I’d wondered about it for years, and only when I reached maturity did I begin to suspect what kept the queen from pursuing the truth surrounding her husband’s death.
She’d made me come to dinner one evening, and all at once, she started talking about him. About how he wanted a child so badly. That he’d always been good with children—fancied and took special care of the servants’ children whenever he found them running about the castle.
I’d realized it then; the queen had known what her husband was, and had simply decided not to know.
So when someone had hated him enough to poison him, she hadn’t pursued the murderer, too fearful was she of discovering the motive.
Gunter sighs, then crosses the room and sits at his spinning wheel, picking flax from the pile next to him and threading it through the machine.
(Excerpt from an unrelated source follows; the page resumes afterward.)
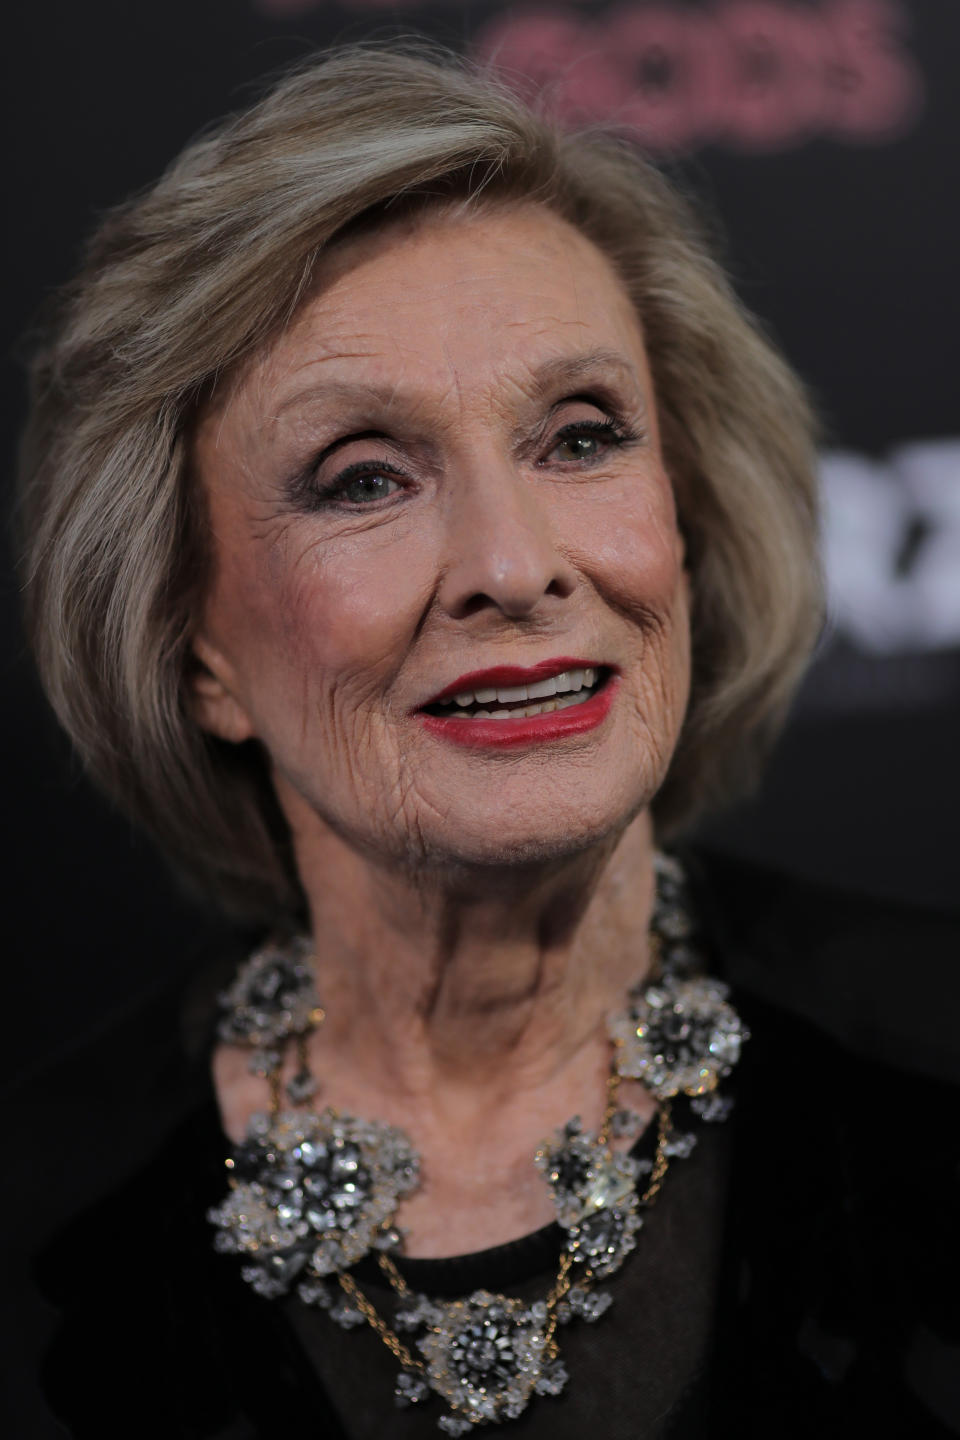 Actress Cloris Leachman died of natural causes Jan. 27 at age 94. (Neilson Barnard/Getty Images)

My mentor doesn’t have to say a word; I know he’ll honor Blaise’s request.
CHAPTER 17
BLAISE: AGE TWELVE
My father is dead.
It happened in the night while I slept. No one bothered to wake me, not even in the morning when the entire household knew of it.
They took his body away before sunrise because Clarissa told them to. I keep trying to come up with a reason she would do that, but I can’t think of any except that she meant to punish me.
Clarissa believes that the timing of my father’s death is for the best. After all, our neighbors won’t ask questions when I lock myself away in mourning. They won’t pry when I no longer walk in public.